Os Path Walk



Join joins any number of path elements into a single path, separating them with an OS specific Separator. Empty elements are ignored. The result is Cleaned. However, if the argument list is empty or all its elements are empty, Join returns an empty string. On Windows, the result will only be a UNC path if the first non-empty element is a UNC path. The basic idea here is that folder will be an absolute normalized path if the argument to os.walk is one and os.path.join will produce an absolute normalized path if any of the arguments is an absolute path and all the following arguments are normalized.

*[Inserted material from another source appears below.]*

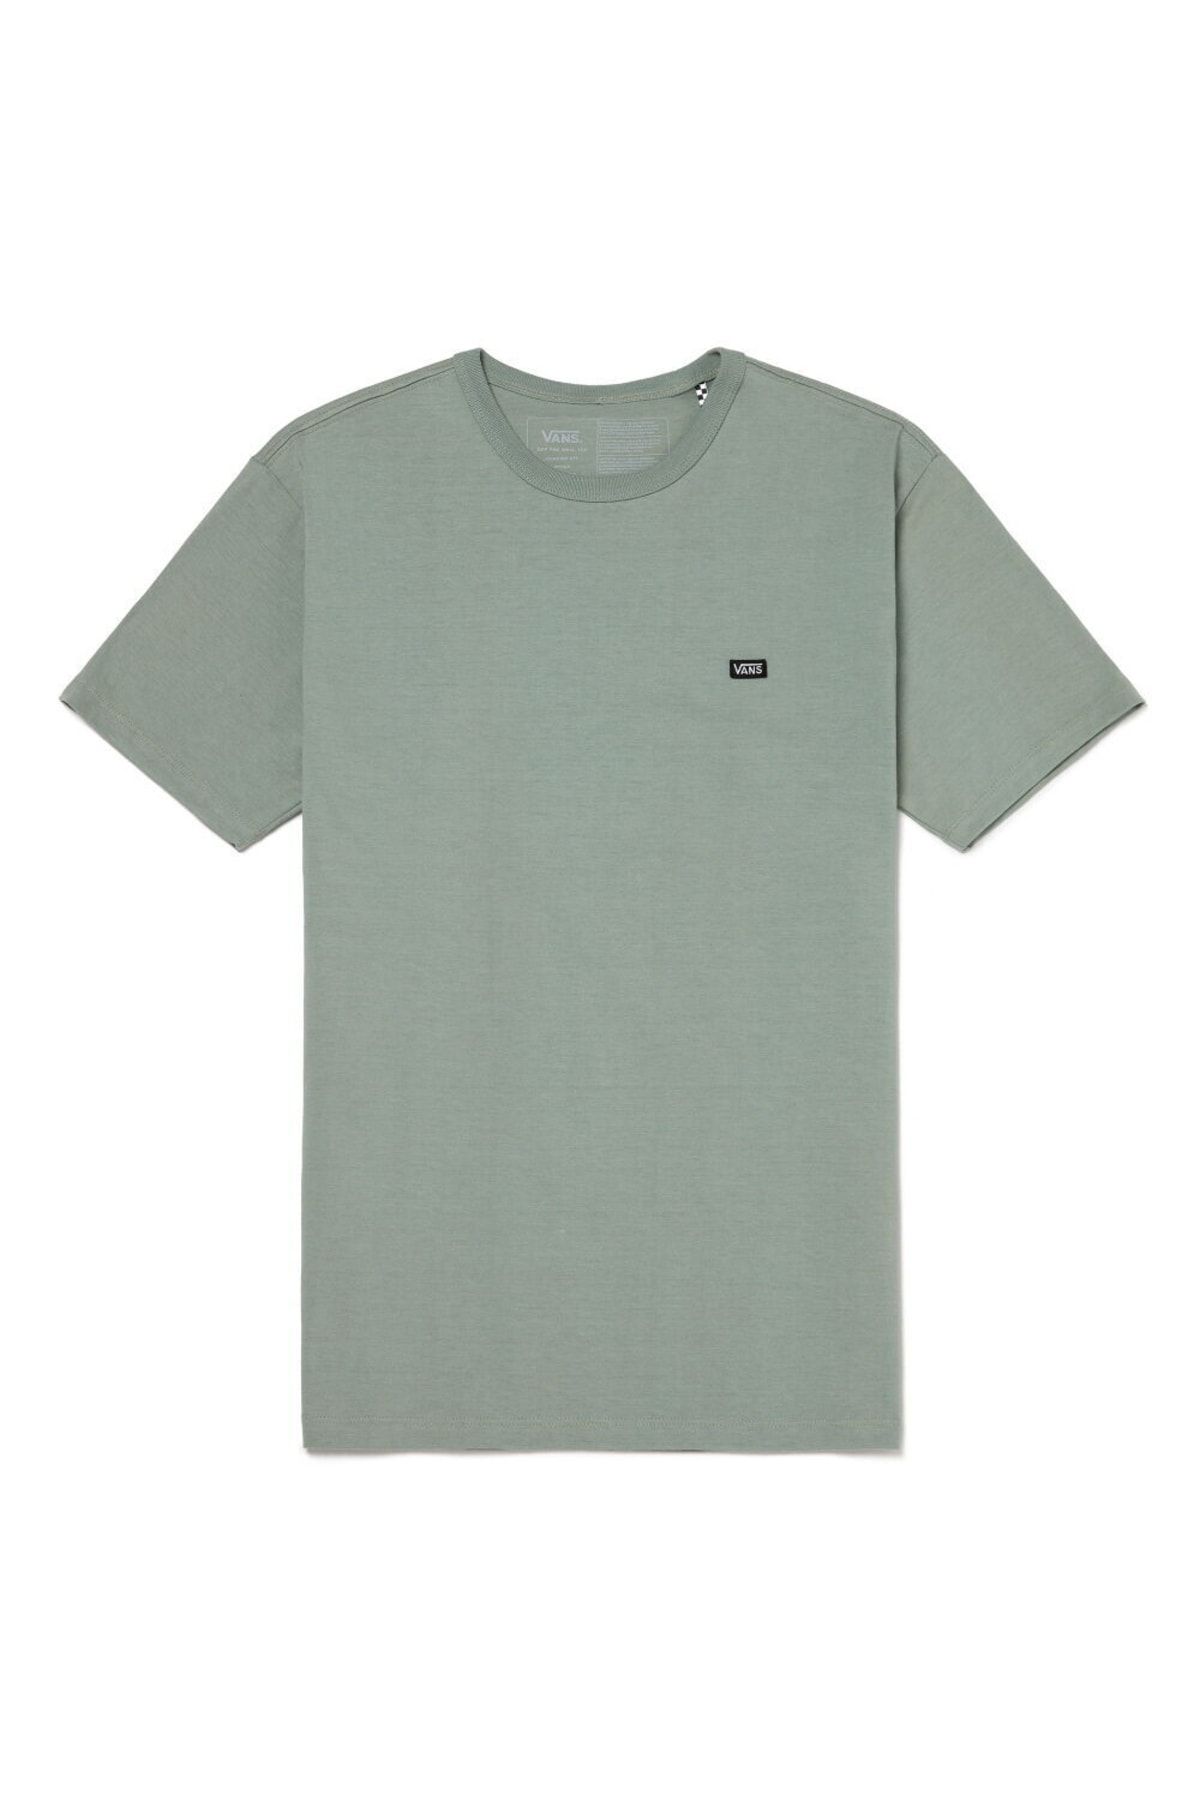 تی شرت سبز یقه خدمه طرح چاپی مدل ساده آستین کوتاه مردانه ونس Vans (برند آمریکا)

Have a mess of files to read into Python? Maybe you downloaded Kaiko trade data, with unpredictable sub-directories and file names, from Penn+Box. Or maybe you’ve dropped TXT, PDF, and PY files into a single working directory that you’d rather not reorganize. A simple script will find the files you need, listing their names and paths for easy processing.

Walk

Because this process involves exploring our operating system’s file structure, we begin by importing the os module into our Python environment:

This module, on top of a standard Python installation, should address any dependencies in our upcoming file-listing code.

Walk

Let’s define our file-listing function. We can name it, unimaginatively, list_files and give it two arguments, filepath and filetype:

filepath will tell the function where to start looking for files. This argument will take a file path string in your operating system’s format. (Be sure to encode or escape characters as appropriate.) When the function runs, it will assume this base directory contains all of the files and/or subfolders we need it to check.

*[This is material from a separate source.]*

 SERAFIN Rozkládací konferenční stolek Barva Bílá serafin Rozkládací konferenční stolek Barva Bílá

filetype will tell the function what kind of file to find. This argument will take a file extension in string format (e.g.: '.csv' or '.TXT').

Within our function, we’ll need to store any relevant file paths our script finds. Let’s create an empty list for this purpose:

Python Walk Directory Tree

Practically speaking, our function will find each file within filepath, check whether its file extension matches a given filetype, and add relevant results to paths. We begin this iterative process with a for loop to find and examine each file:

In this configuration, os.walk() finds each file and path in filepath and generates a 3-tuple (a type of 3-item list) with components we will refer to as root, dirs, and files.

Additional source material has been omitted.